Perdido en un mar de protagonistas sin sustancia en productos infames que no le merecían, el cambio de siglo amenazaba con recluir indefinidamente a una de las principales estrellas cinematográficas de principios de los noventa en agradecidos roles de carácter a través de los cuales pudiera seguir aflorando el enorme talento demostrado por Jorge Sanz en los grandes trabajos cinematográficos que le convirtieron en el actor joven más importante del cine español. Parecía que su momento ya había pasado, que a partir de ahora sus mayores triunfos como actor los conocería sobre las tablas, medio al que acudió para poder seguir incorporando el tipo de personajes para los que ya no se le tenía en cuenta en las agendas de los productores cinematográficos.
En esas llegó Pedro Olea con un cometido realmente jugoso, el de un dibujante violento y posesivo con graves problemas con las drogas al que el abandono de su mujer conducirá casi hasta las puertas de la muerte, en ese elegante y conseguido drama a cuatro bandas que fue Tiempo de tormenta (2003). Sin la responsabilidad y la presión que conlleva ser el único protagonista del filme, Sanz se echa encima el personaje más complejo y, por ello, más rico de toda la función, y con una enorme sensibilidad, tan grande que se hace insoportable por humano según el momento, el intérprete calló de un manotazo a todos sus detractores, consiguiendo estar sencillamente formidable en toda su intervención.
Aparentemente desalmado y laxo durante toda la primera parte del filme, el intérprete encarna los desfases de su personaje con pasmosa verosimilitud, llegando a extremos de realidad tales que contemplarle, por ejemplo, en esa escena en la que conversa telefónicamente con su madre absolutamente enajenado, supone un duro trago para cualquier paladar. La crudeza descarnada de su actuación va cediendo poco a poco ante una reposada sencillez y frescura, que son las que dominan su trabajo en la segunda parte, cuando su rol ya ha pasado por la clínica de desintoxicación y parece curado. Pero aún nos queda más, pues pronto vuelve la tormenta a nublar esa poderosa mirada y se apodera del intérprete una súbita contención, una pavorosa sobriedad, que impregnan cada una de sus frases, incluso en esa hermosa y desoladora secuencia compartida con María Barranco bajo la tempestad.
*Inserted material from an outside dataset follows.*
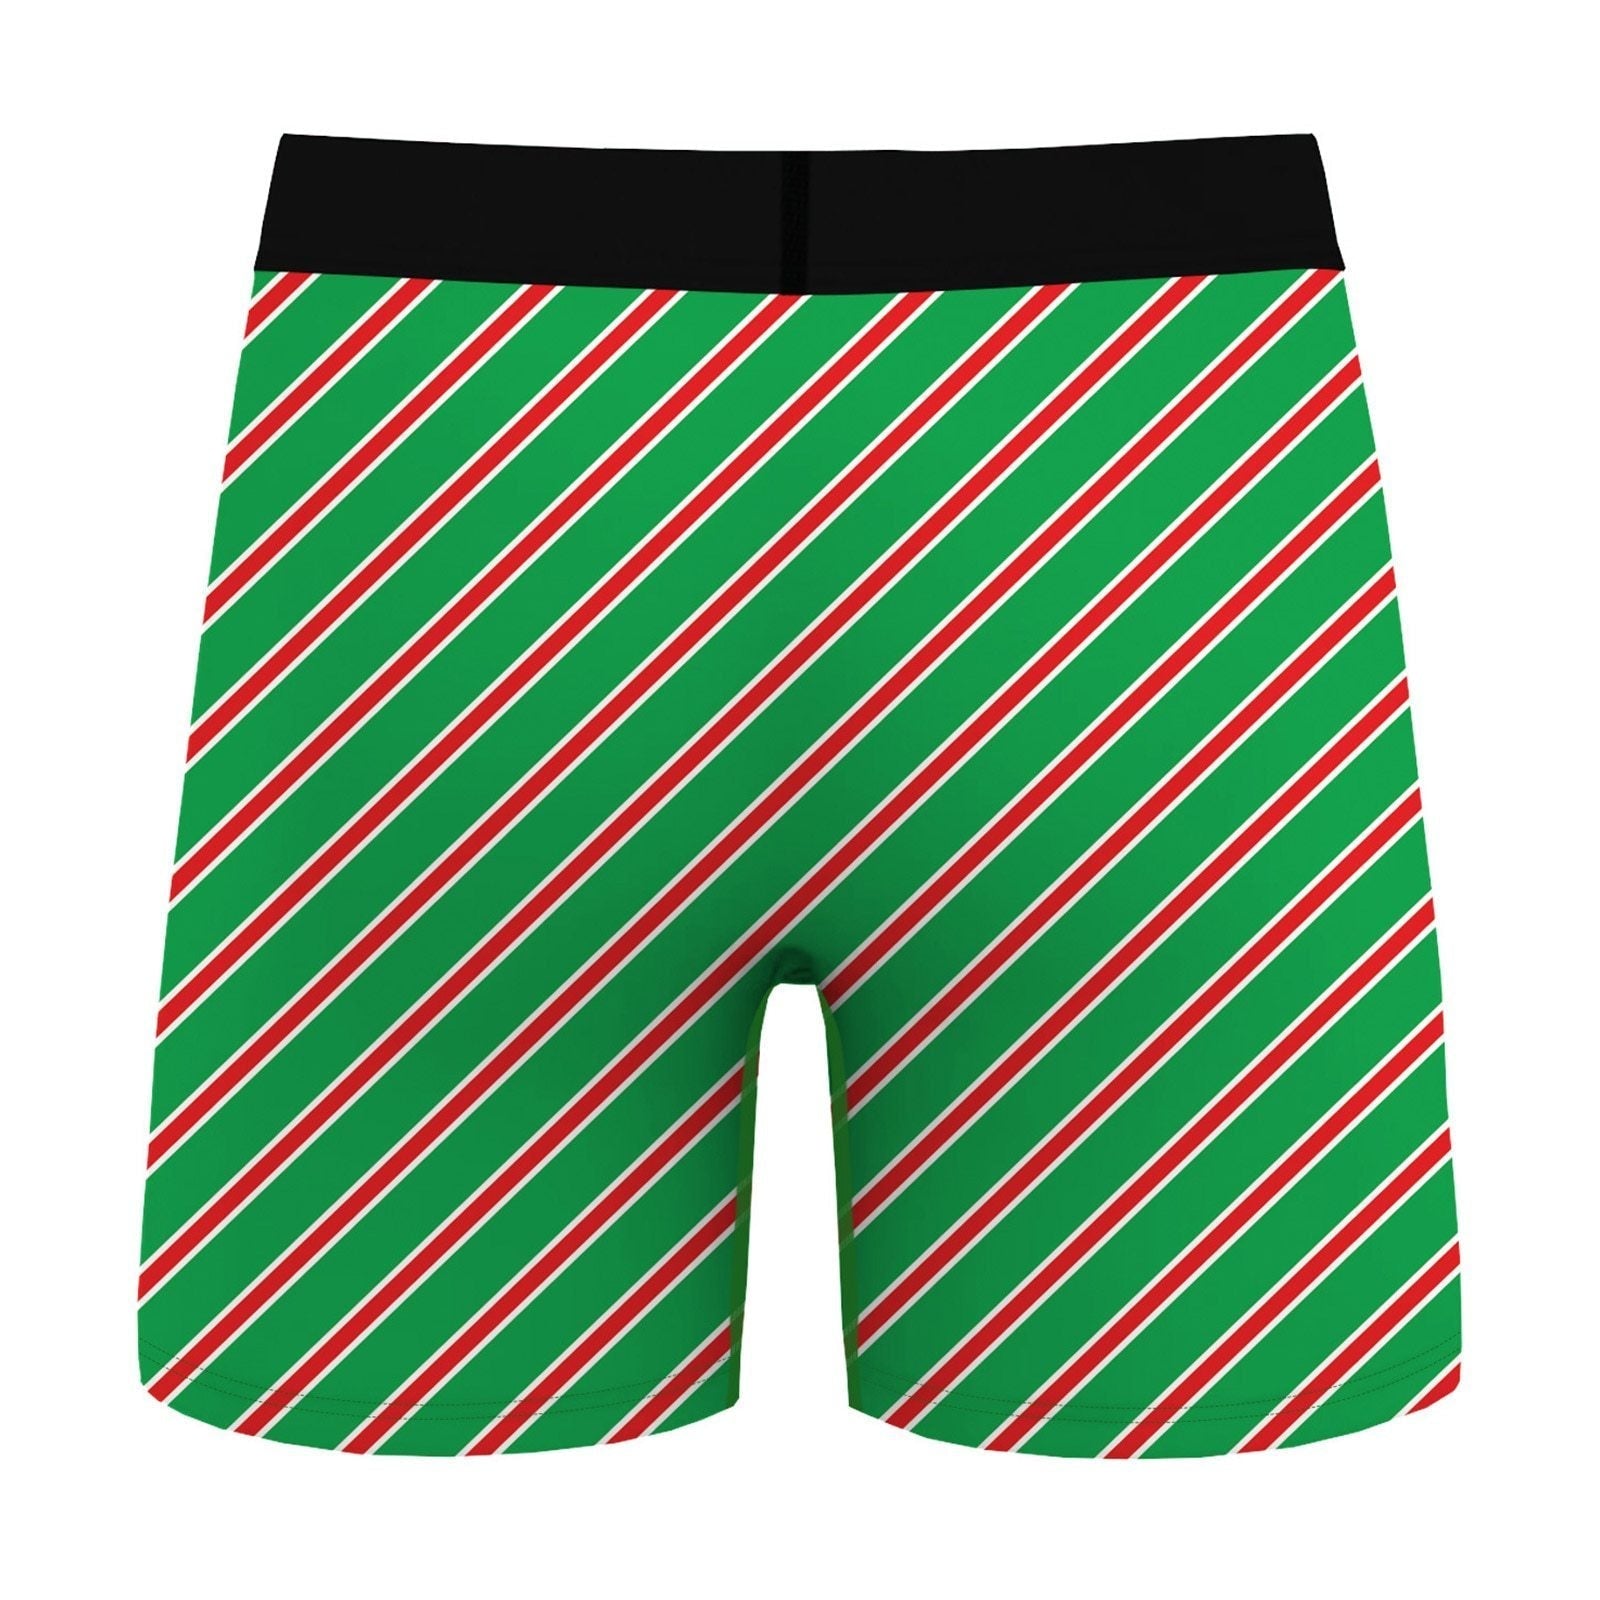 SALE - XMAS GIFT - Mens Christmas Diamond Printed Boxer Shorts with De

Cuando ya se pensaba que Jorge Sanz estaba acabado, cinematográficamente hablando, llegó esta Tiempo de tormenta para estamparnos en la cara una enorme composición, de apabullante madurez, digna de un intérprete con mucho oficio a sus espaldas y también de un indiscutible talento, pulido con tesón y esfuerzo. Lástima que, a pesar de las buenas críticas recibidas tras su estreno, a la otrora estrella no le lloviesen más trabajos como éste, y hayamos tenido que asistir a la triste y prematura decadencia fílmica de una de las grandes figuras de nuestro cine en los noventa.